ABOUT THIS EXERCISE:
Without the pictures, output all of the data exactly.

DATASET SECTION:
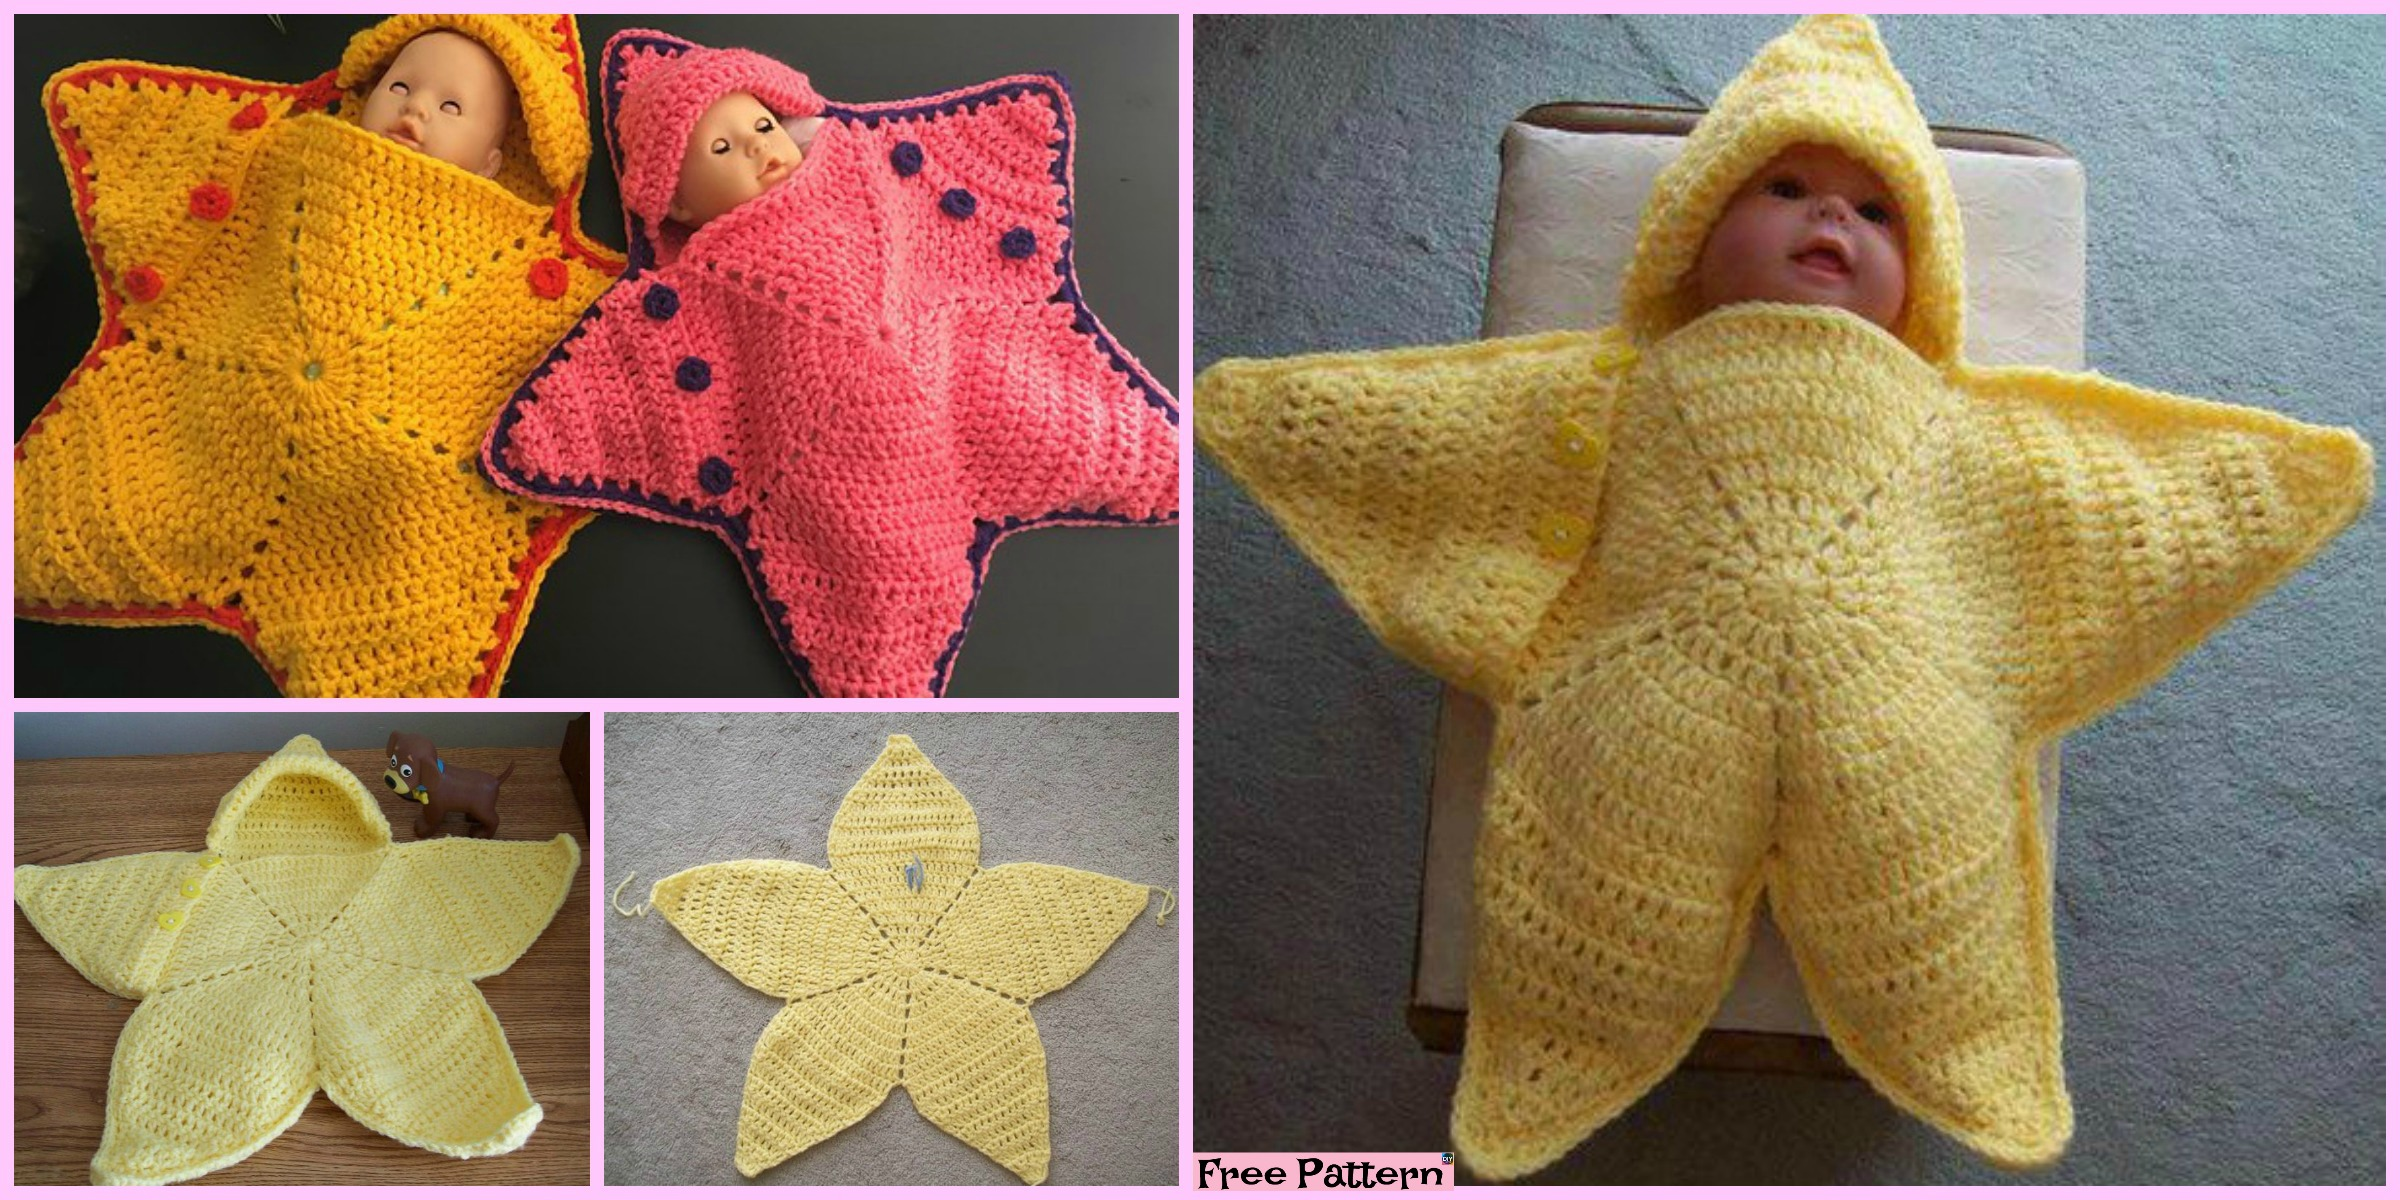 Cute Crochet Baby Star Bunting – Free Pattern
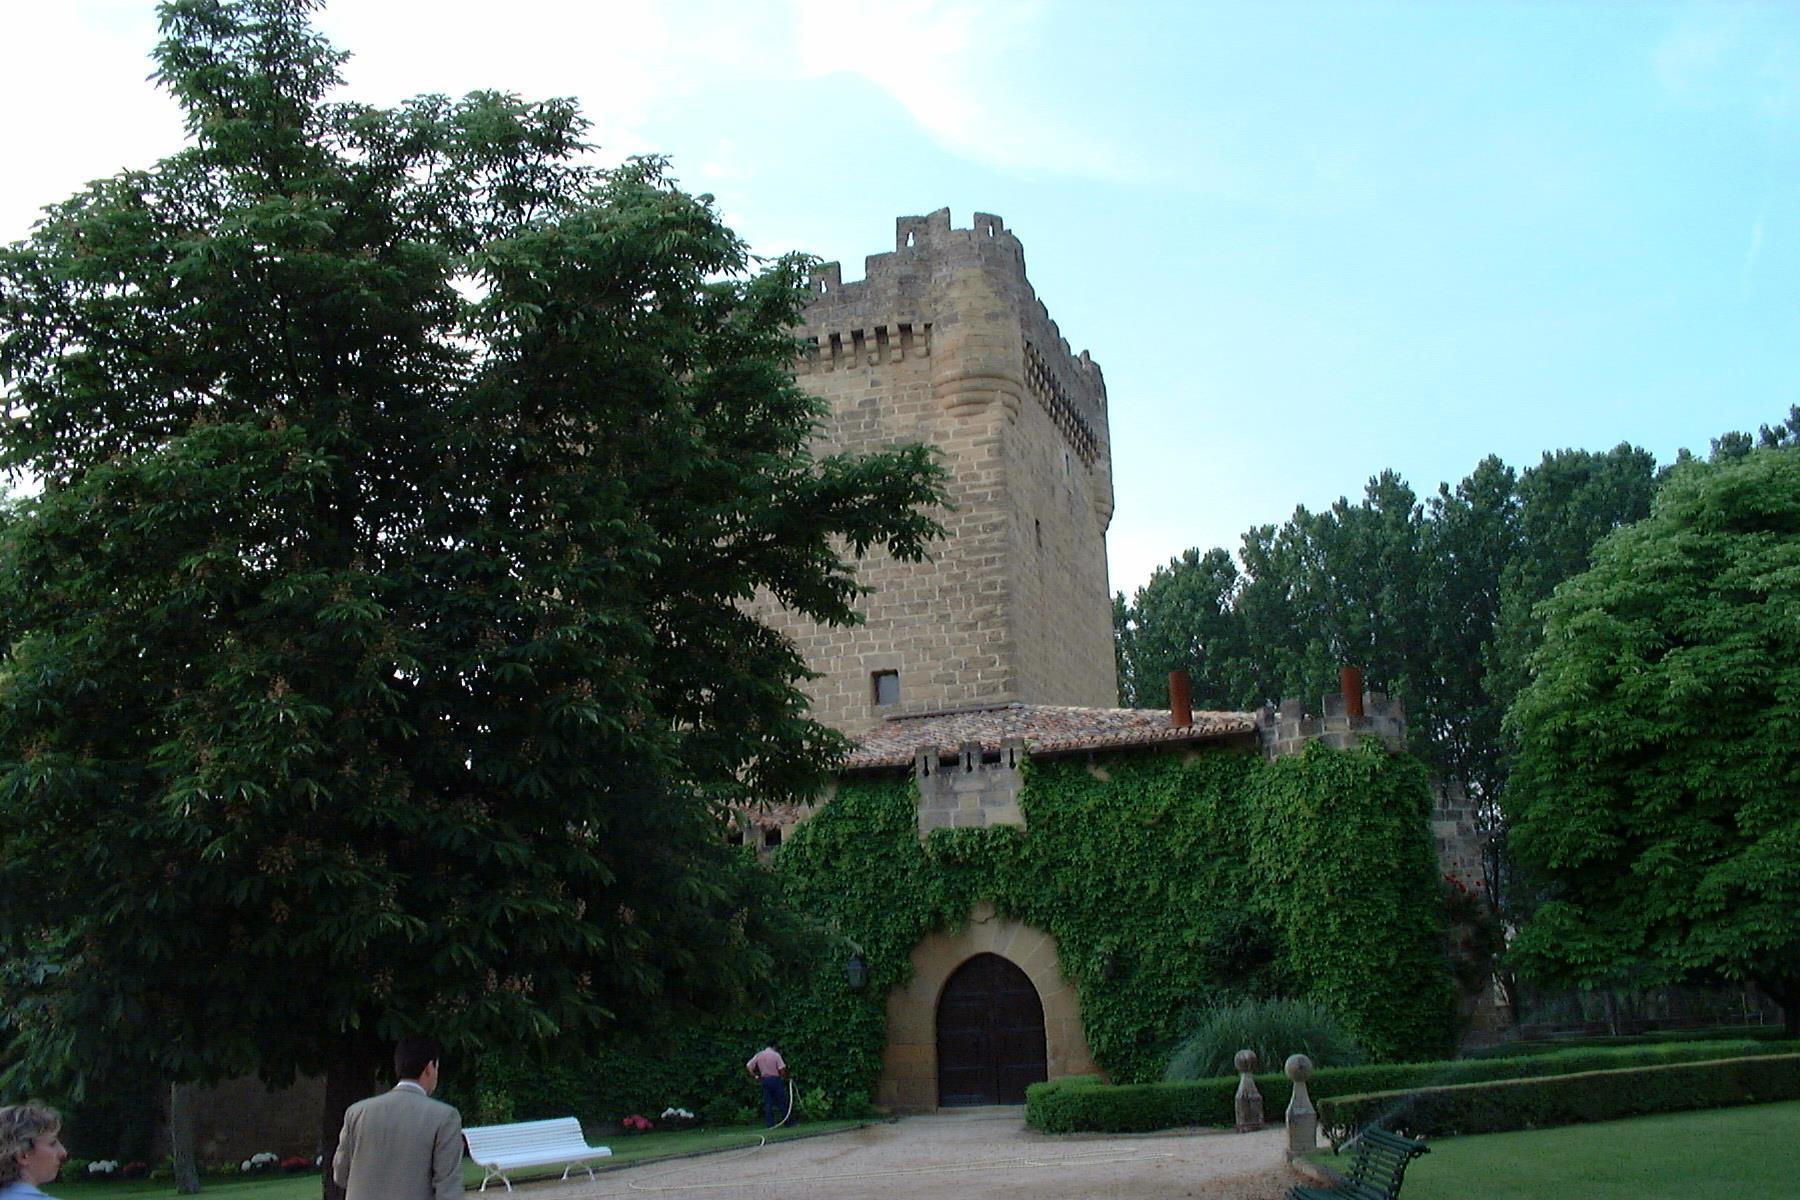 Bodegas castillo de cuzcurrita winery la rioja turismo - Entradas baratas castillo de las guardas ...
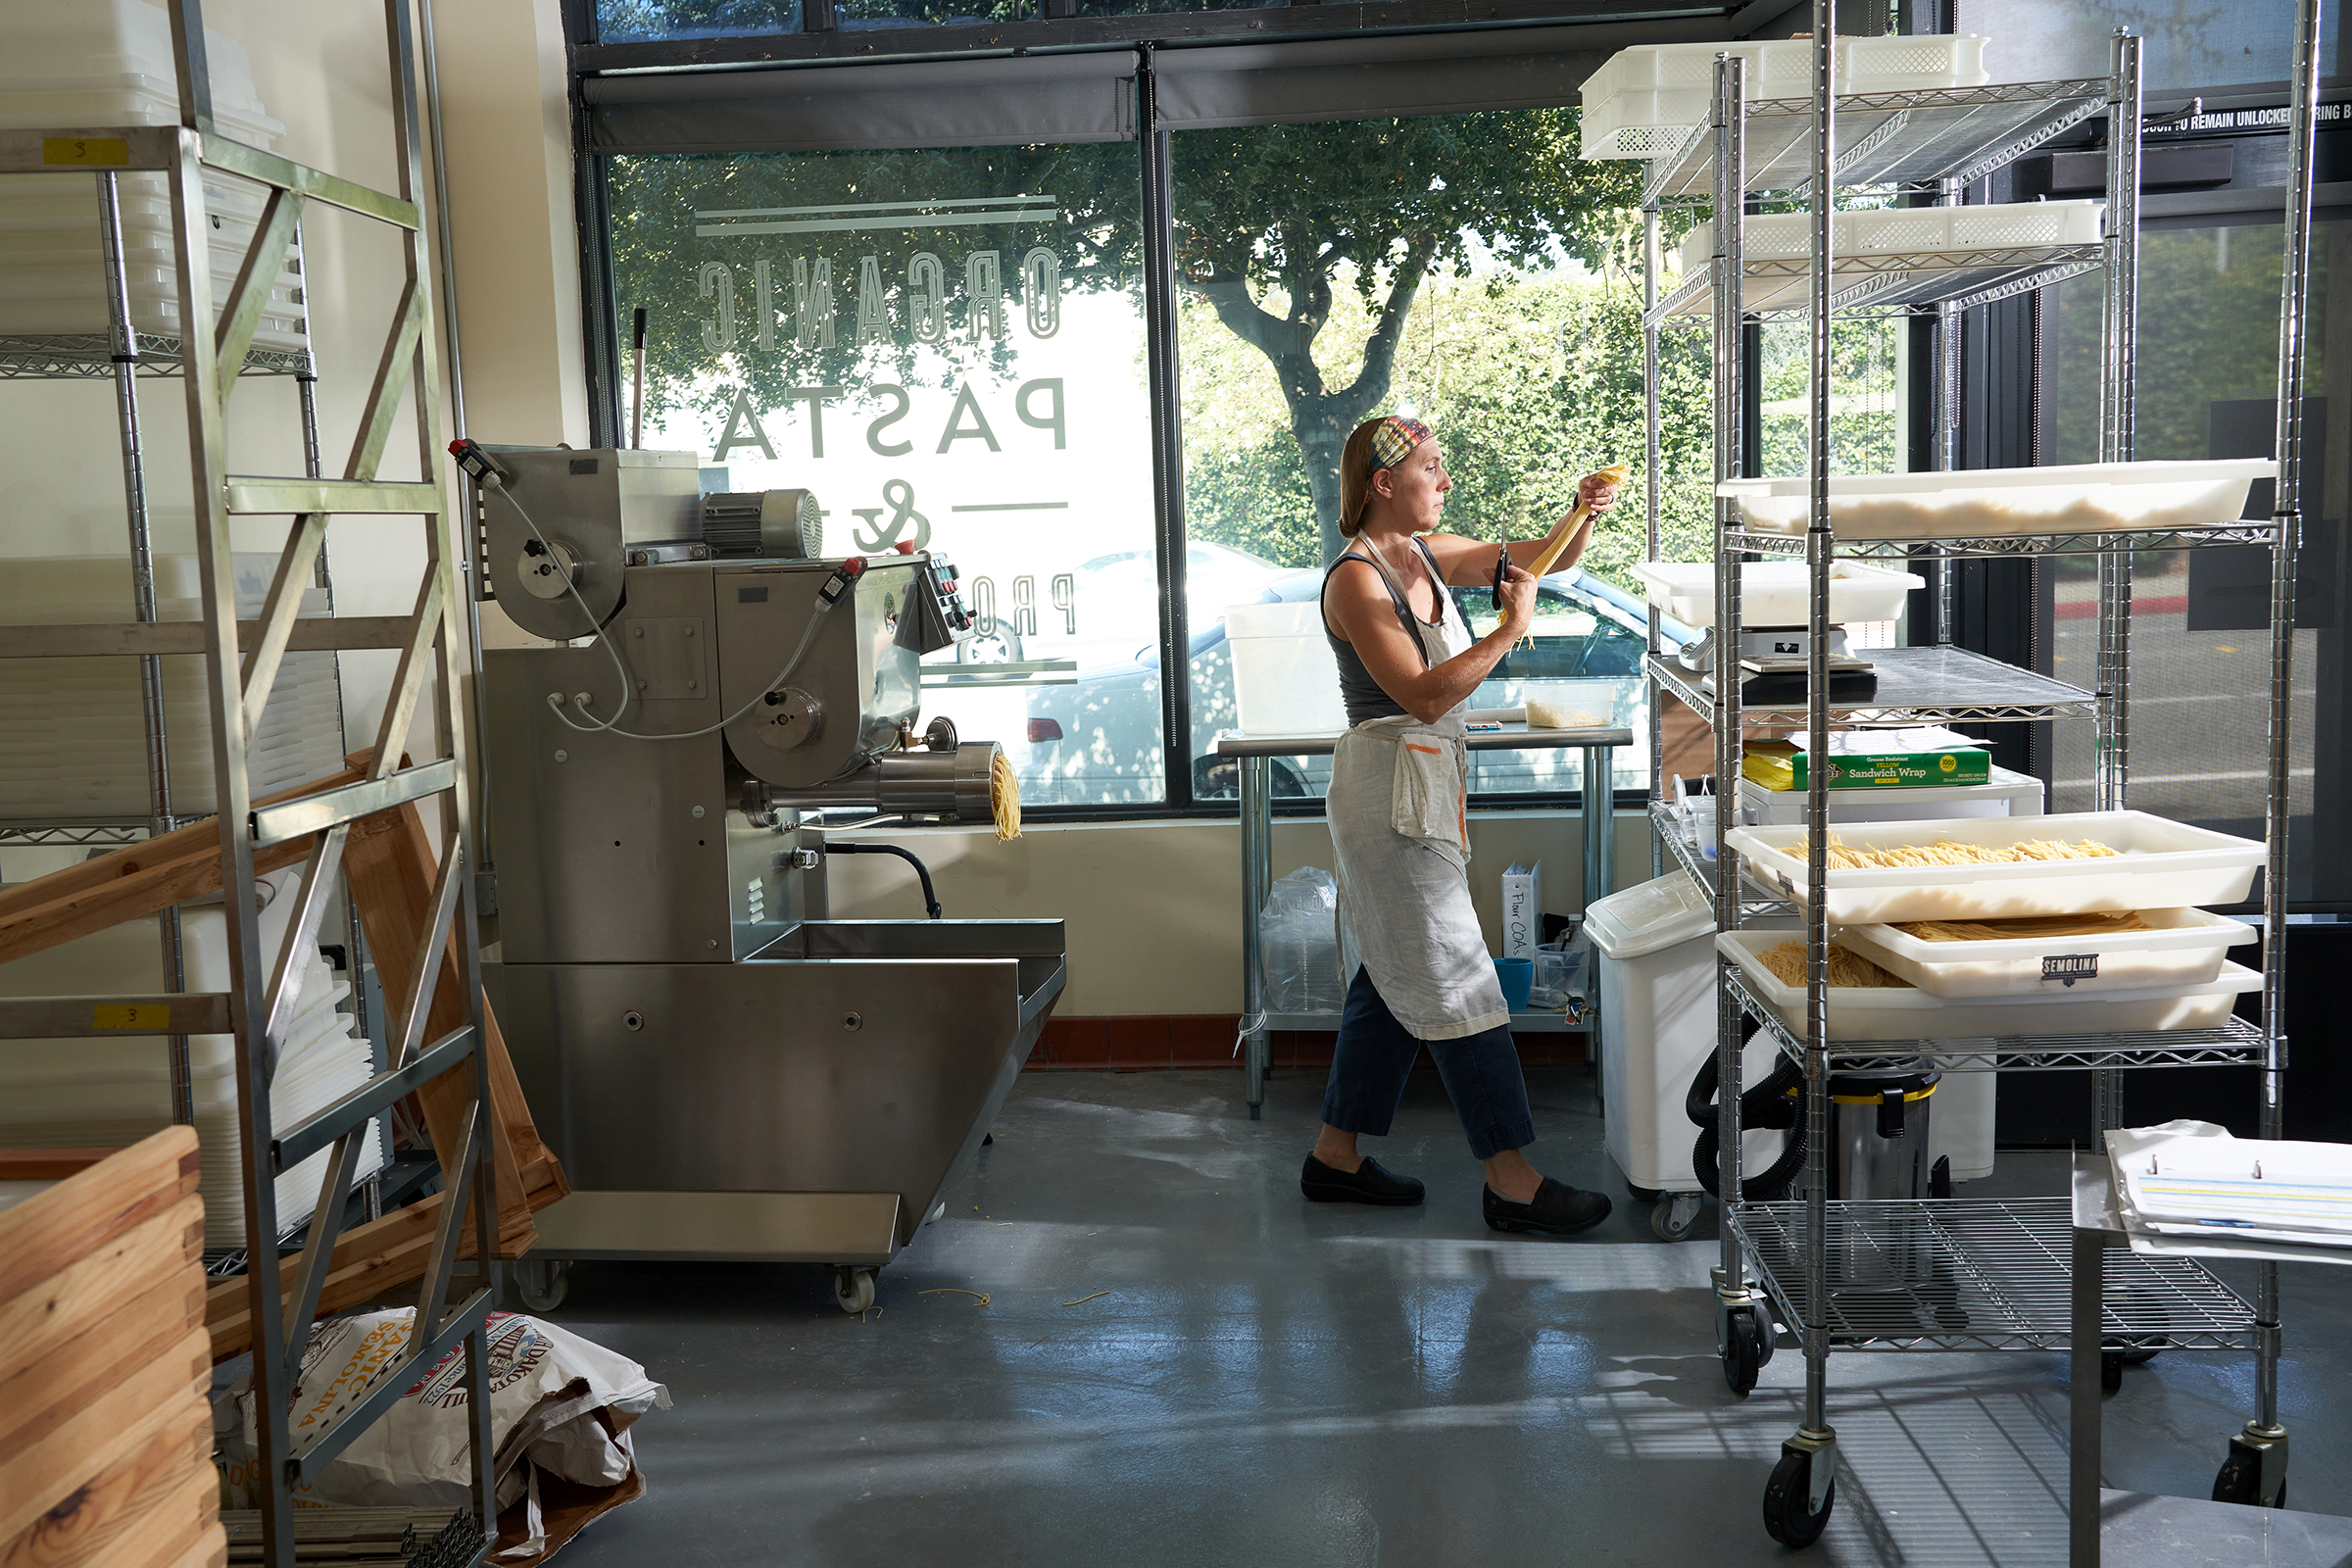 Leah Ferrazzani at Semolina Artisanal Pasta in Pasadena, Calif., on July 19, 2021.

YOUR RESPONSE:
 Cute Crochet Baby Star Bunting – Free Pattern
 Bodegas castillo de cuzcurrita winery la rioja turismo - Entradas baratas castillo de las guardas ...
 Leah Ferrazzani at Semolina Artisanal Pasta in Pasadena, Calif., on July 19, 2021.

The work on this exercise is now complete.